How to Clean a Baseball Cap

Some folks have owned their caps for years, and the attachment is more than utilitarian - it's emotional. There's a real chance a grungy, well-worn baseball cap may be damaged by improper cleaning. Maybe the cap will lose its shape. The brim might be damaged or deformed. Or the cap could shrink. Better to wear a dirty hat than roll the dice.

Cleaning a favorite cap may be a little nerve-wracking, but the following tips can provide a little peace of mind.

Preventive Medicine for Baseball Hats

It's best to keep dirt and stains off a new cap if possible, but hard-worn caps will pick up dirt, especially if used in sports.

Spraying with Scotch Guard before wearing, or with a product called Hat Saver, will help to protect the cap from dust and dirt, at least for the short-term, and give it a longer life.

Before Washing the Baseball Cap

First, check the cap's tag. It should list the material the cap is made from, and may also provide the manufacturer's suggested cleaning instructions.

Baseball Hat Materials

  • Most baseball caps are made from cotton or polyester; both of these materials withstand washing well.
  • Cotton Twill is a good, durable fabric, as are the Cotton/Polyester Blends. This material is tough and bright, more than likely color fast.
  • Jersey Mesh is a stretch fabric, also durable.
  • The other main material is wool. Wool is warm, even when wet, but can shrink in hot water or air.

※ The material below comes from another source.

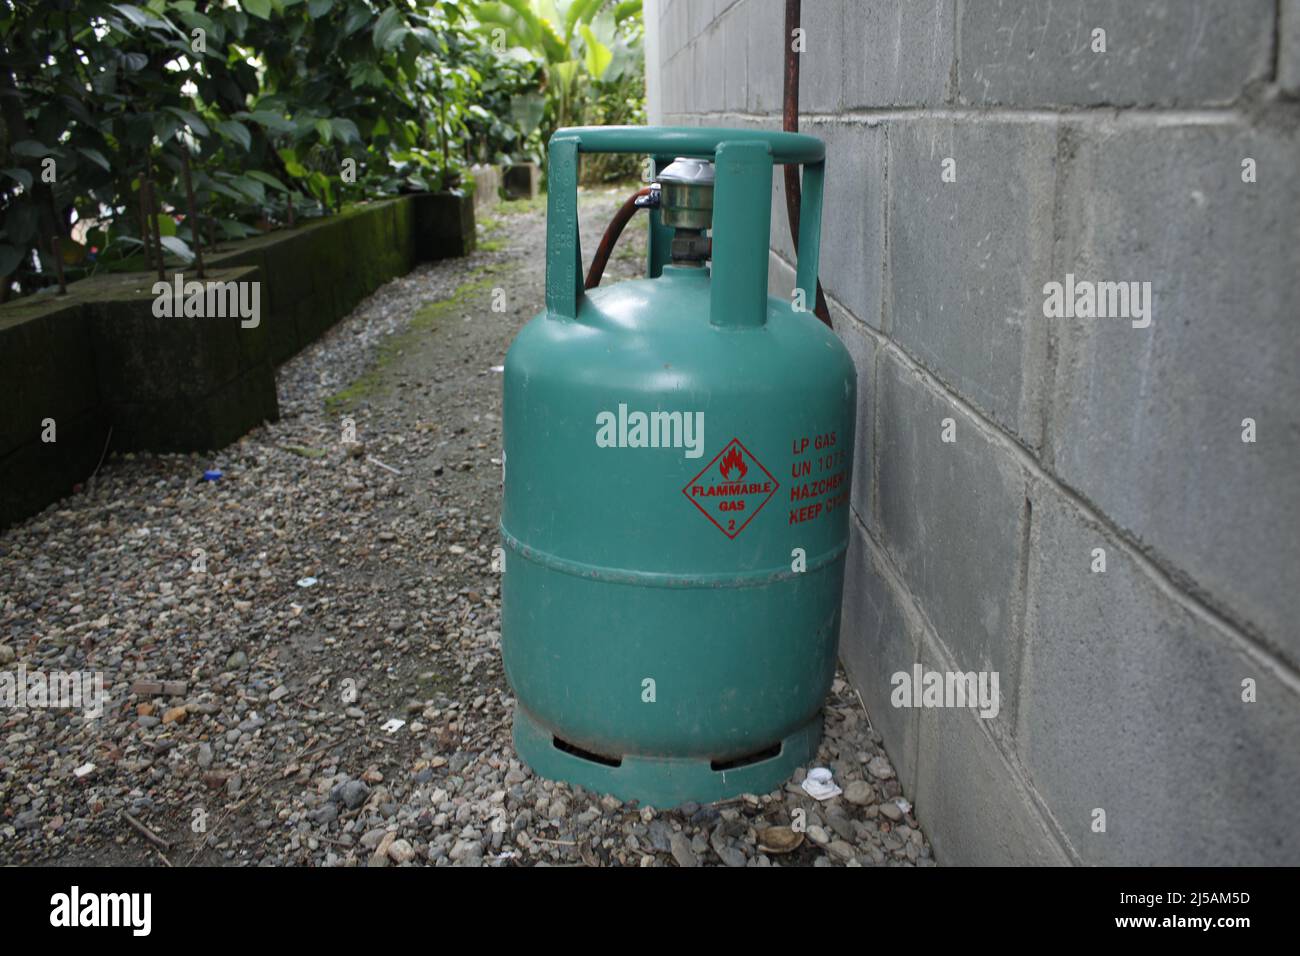 Una bombola di gas LP da 13 KG utilizzata per la cottura a Port Moresby, Papua Nuova Guinea. Foto Stock

Testing Ballcaps for Color Fastness

Once the baseball cap's material is determined, it's time to check for color fastness. Add a splash of mild detergent (Zero or Woolite) to a wet cloth. Choose a spot on the cap's inner rim, one not readily visible. Rub gently with the cloth. Rinse the spot with a clean cloth and cool water. If the color's don't run or fade, proceed with confidence.

Alcohol and hairspray have been used in the past as home-remedy stain removers, but according to the National Cleaners Association, hairspray or alcohol should never be used on caps having heavy grease or ink stains. Alcohol and hairspray can cause color damage and may contain resins or lanolin that could actually create more stains.

Baseball Cap Pre-wash

Use a soft, plastic-bristle brush to remove loose dirt and dust. Brush gently so as not to force dirt particles into the fabric. Then pre-treat the liner and headband with an enzyme-based laundry spray such as Spray 'n Wash.

Cleaning Baseball Caps in the Washing Machine

Baseball caps manufactured in the last ten years more than likely have shaped plastic bills instead of cardboard, and should hold up to machine washing - with the proper care. Just toss the cap in with similar color clothes, set the washer to gentle or delicate cycle, and use cold or warm water. Don't use bleach.

Plastic Baseball Cap Cage

One good way to ensure the baseball cap keeps its shape is to use a plastic cage (obtained from WalMart for around $5.00). These cages are made specifically to hold the cap secure and protect it from the washer's agitating force. These are not foolproof, however - they've been known to break.

Baseball Hats in the Dishwasher

Using a dishwasher is not recommended, as the water gets too hot and there's no fine-tuning of the temperature. But caps can be washed in the dishwasher, and there is one advantage. If washed in the top rack, the cap will not move, and is more likely to keep its shape.

Plastic cages can also be used in dishwashers, but there's a chance they may melt.

Whether using a washing machine or a dishwasher, make sure you air-dry the cap. The hot air of a clothes dryer (or a dishwasher in drying mode) may cause shrinkage.

Washing Older Ballcaps

Caps over ten years old or made from wool require a gentler touch. The bill may be made from cardboard, the fabric thinner from exposure to sun and weather. Washing machines and dishwashers are too rough for older caps.

Fill a sink or container with lukewarm or cool water. Test for color fastness and use stain removal spray as above. Then add a little Woolite to the water and let the cap soak. Scrub gently with a soft-bristle brush. Rinse with cool, clean water.

Repeat process as needed. Use enzymatic laundry detergent along with an "unbleach" (active oxygen bleach or Oxy-Clean powder) if there is grease or heavy, imbedded stains present.

Make sure to air-dry the cap. Fit the ballcap around a plastic bowl or use a store-bought cap mold to help the cap keep its shape while drying. Or hang it outside on a clothesline in the sun and fresh air.

Be extra-gentle with wool caps. Too much rubbing can cause pilling.

No do-it-yourself process is foolproof, however, and there's always the chance that cleaning the cap may cause damage. If there's still a concern about hurting a favorite cap, and the loss of the cap would be unacceptable, the Drycleaning and Laundry Institute International recommends sending it to a professional dry cleaner, whose expertise and special cleaning technology can give your favorite baseball cap a whole new lease on life.